In every room in my house I have an electric light and a switch, why? I know that every night, it gets dark and I need the light to see but what has this got to do with your perceived problem?
Just as I know that if it gets dark and I am at home, I turn the light on so you should know that you `occasionally` have a perceived problem at that junction and should learn how to cope with it. It's not rocket surgery, is it?


----------



## davefb (22 Nov 2012)

asl are meant for cyclists..

if its okay for motorcyclists to use them, then err why not polite car drivers... so in fact, why bother with them at all?

its the usual, most motorcylists are great, but the ones that aren't are total idiots... *and* you'd expect better from a "fellow" 2 wheeler


----------



## doug (22 Nov 2012)

I have very few problems with "proper" motorbikes in the ASL as they accelerate away faster than I can and don't get in my way.

****ing under powered mopeds are a different kettle of fish - they think they will be faster away at the lights but more often than not I end up cursing them as they pootle along slowly getting in my way whilst puffing out clouds of noxious blue smoke


----------



## Hip Priest (22 Nov 2012)

I'd have let the motorcyclist go, personally. As an aside, I was struck by how friendly he was. If everyone had his attitude, imagine how pleasant the roads would be.


----------



## Miquel In De Rain (22 Nov 2012)

I like these videos,they test me out and make me ask what would I have done.I do like the sticking behind the van,I do that a lot with buses,depending on the situation.


----------



## Mugshot (22 Nov 2012)

Boris Bajic said:


> +1 to the comments above from gaz and 399bhp.
> 
> In addition to which, I'm not clear why you asked the motorcyclist to let you go first.
> 
> ...


+1, that about sums it up. I could see no reason to ask if you could go before the motorbike, odd.


----------



## captain nemo1701 (22 Nov 2012)

Before I got a helmet cam, I was cut up by a motorbike at this same junction. I was going through the lights in a primary position, little traffic about for once, I heard a motorbike coming from behind and assumed, from the sound and direction, that he was turning left. But as I looked over my right shoulder to check for cars, he shot past on my left as we went over the junction. There are often parked cars on the left, so in swerving to miss them, he gave me a bit of a shock suddenly appearing so close that I wobbled and almost came off. So when I got to the office, I ordered a helmet cam.

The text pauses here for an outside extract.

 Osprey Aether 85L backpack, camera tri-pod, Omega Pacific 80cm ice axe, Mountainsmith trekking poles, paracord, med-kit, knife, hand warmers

I have often worked in London where I see the ASL frequently full of motorbikes often with cyclists stuck behind in the traffic. Kind of defeats the whole concept, doesn't it?. Where one enters, others are encouraged. I see lots of cyclists on pavements, but it doesn't mean that I should simply because others choose to break the law.

I asked to go first as, if you study the video, I arrived ahead of him at the ASL. I heard the motorbike, but again, as he was slightly behind on my left, in the left turn lane, one assumes that he would actually going to turn left. So I think it's just poor riding to use a left turn lane to cut into a cycling facility automatically assuming nobody will be there. You wouldn't cycle straight out of a junction assuming no traffic was coming, would you?. I try not to cut people up on my bike, so it's common courtesy that someone on a motorbike shouldn't do it either. It's just poor riding and bad positioning. I wouldn't have a problem with a cyclist since they are also permitted in the ASL and move at about the same speed. That said, I have been cut up by roadies attempting to break the speed of light.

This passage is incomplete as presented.